Furniture rental firm Furlenco, backed by mattress giant Sheela Foam with a 44.6% stake, posted its first-ever profit of `3.1 crore on revenue of Rs 240 crore in FY25. Co-founder and CEO Ajith Mohan Karimpana tells Anees Hussain that the company is betting on a manufacturing first, premiumisation and distribution-led model.
Your rival Rentomojo has filed for an IPO. What is Furlenco’s timeline?
We are in no rush. We would like to see three years of profitability. FY25 was our first year of profitability. In FY26, we expect to hit Rs 340 crore in revenue, at 10% profit before tax. One more year of profitability, and then we will think of it. Our focus is on reaching 20% margins through expanding our in-house capacity for design, manufacturing, and refurbishing. This business is meant to be a high margin one when done correctly.
Furlenco was loss-making for years.
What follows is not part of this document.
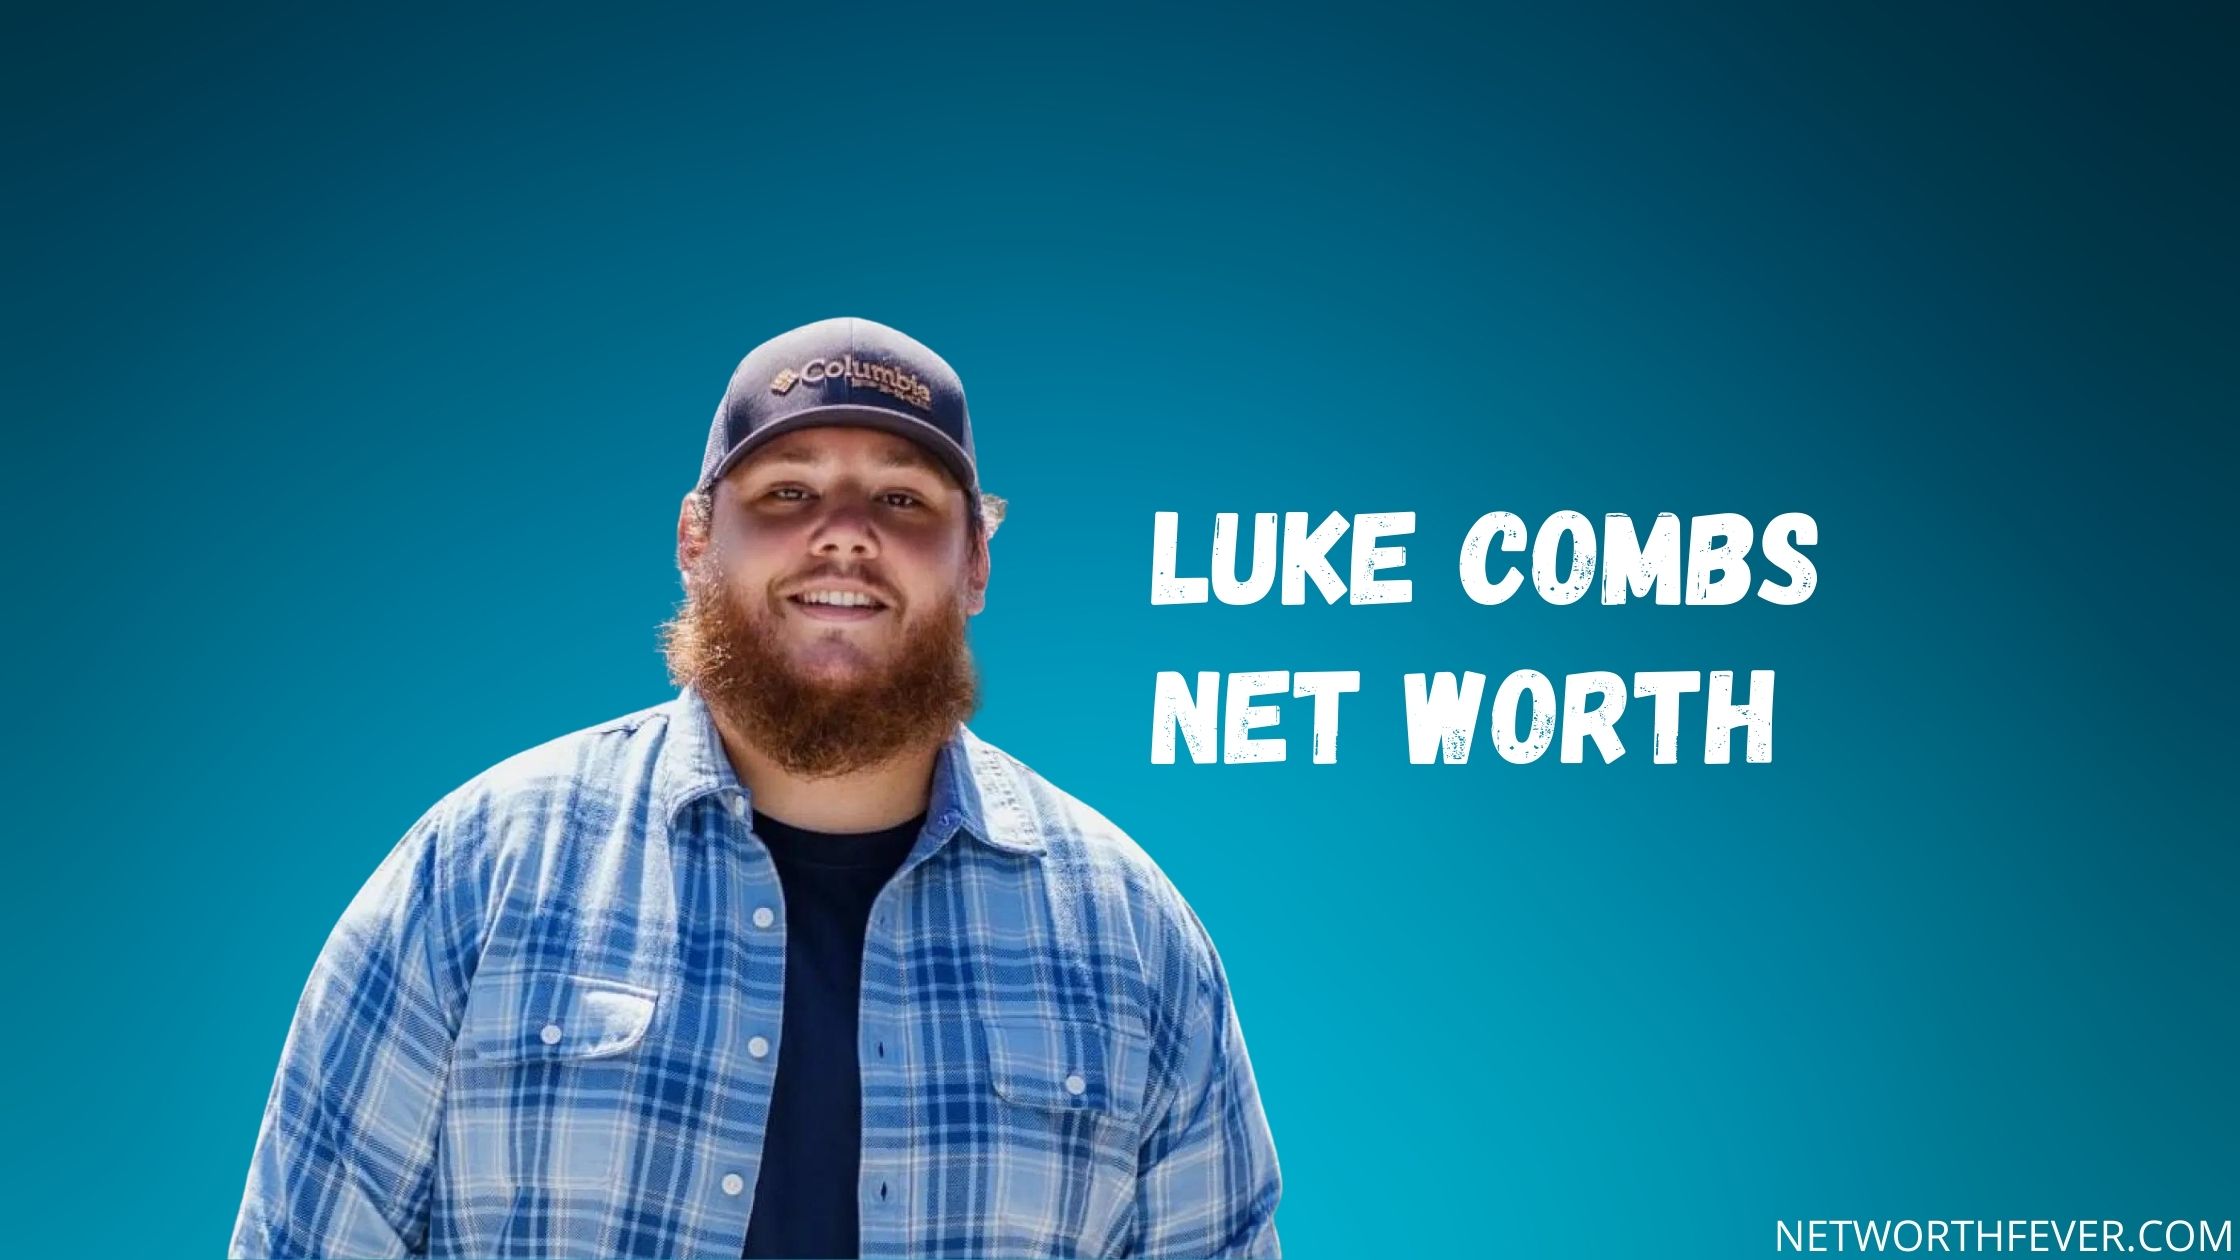 Luke Combs Net Worth

What has changed?
We are at an inflection point in terms of scale. This is an extremely high operational business — you create the category, build the brand, set up warehouses, manage logistics where trucking costs are double because you deliver, take back, and relocate. All of that needed capital.
On top of that, we decided to manufacture, design, and refurbish in-house. Now, our active subscriber base has reached a point where we generate enough cash to service operations, pay interest, and pay down principal. After all that, we still have cash left. In 2-3 years, we will be debt-free and funding our own capex.
How does Sheela Foam fit into this?
They hold 44.6% and provide two big things. One, foam and mattresses come at cost price – that is 20% of our assets. Two, distribution. Where Rentomojo is opening store after store, which is huge capex, we are doing shop-in-shop through Sheela Foam’s 5,000-dealer network. We are targeting 500 points in the next 18 months. Customer experiences the furniture there, books the order, and we fulfil from the backend. It is commission-based and asset-light.
What is the manufacturing scale now?
For the last two years, 100% of deployed assets are from our own manufacturing. Every piece is designed by us. We built platforms where looks can change, but you get manufacturing optimisation. A sofa that costs `25,000 from a vendor we make at `15,000. Our competitors haven’t built manufacturing capacity as of yet. We have picked German equipment over China-made. Same with wood – sheesham and acacia for dining tables and neem for sofas because it repels pests. We always lean towards longevity over cost. When the same asset cycles through multiple customers, how long it lasts is everything.
You have also started a B2B vertical.
We have built a B2B team going after enterprises who want rent-to-own — use furniture for three years, pay in instalments. We are leveraging the same manufacturing and design assets. Incremental revenue without incremental capex.
What new segments are you exploring?
Kids’ furniture. It is perfect for rental. You buy a cradle, the child uses it for six months, then it sits in storage for years. We designed a modular cradle that adapts as the child grows – works for 0-6 months, then 6-12, then 12-24 months. Same with bunk beds. This is furniture with a short usability window but high upfront cost. Rental solves that problem completely.